The announcement of a working task force between the DOJ and HHS underscores the new commitment to reduce fraud. In May 2009, the two departments formed the Health Care Fraud Prevention and Enforcement Action Team, or HEAT. According to the HEAT website, the initiative elevates Medicare fraud-busting activity to a Cabinet-level priority for both DOJ and HHS.
"In the past, those actions were not as coordinated," Herrmann says. "So there is a renewed commitment to working together."
While hospitals face daunting challenges from the new fraud provisions, there is a positive result. Maureen Mudron, deputy general counsel for the American Hospital Association, applauded the requirement for CMS to establish a self-disclosure protocol. "It is intended to prevent draconian compliance penalties that have no relationship to the harm, if any, to the Medicare program," she says. Mudron says the AHA urges HHS to address the unintended consequences of the current rules and ensure fairness in enforcement of the self-referral law.

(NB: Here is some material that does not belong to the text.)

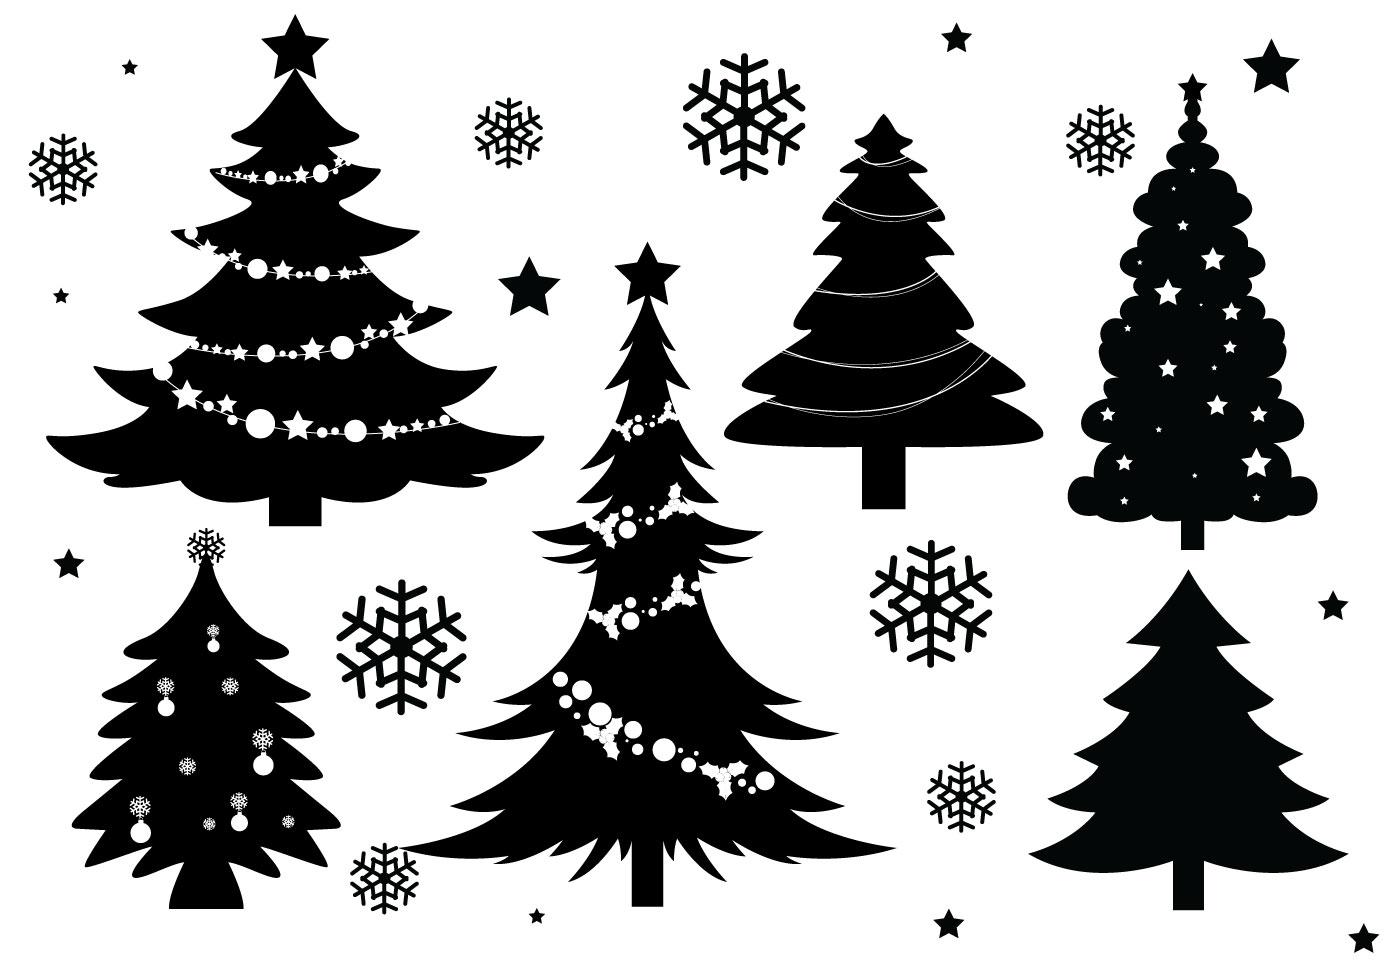 Christmas Tree Silhouette Vectors

"We are also focused on ensuring that changes in the False Claims Act are used appropriately. Mistakes are not fraud," she says. In letters and a meeting with DOJ officials, the AHA pressed for greater oversight of the use of the FCA, particularly in its investigation of kyphoplasty procedures (which treat vertebral fractures from osteoporosis). The association expressed concern that aggressive FCA investigations are being initiated on the discovery of evidence of a mistake or overutilization. AHA urged the department to reaffirm and update the 1998 "Holder Memo," which provided guidance on the use of the act in civil health care matters.
Additionally, the AHA asked CMS to consider the cumulative effect on providers when implementing PPACA's fraud reduction provisions. The association argues that adding these demands to the many other overlapping integrity activities that affect hospitals will divert resources away from patient care.
Mark Taylor is a freelance writer in Munster, Ind.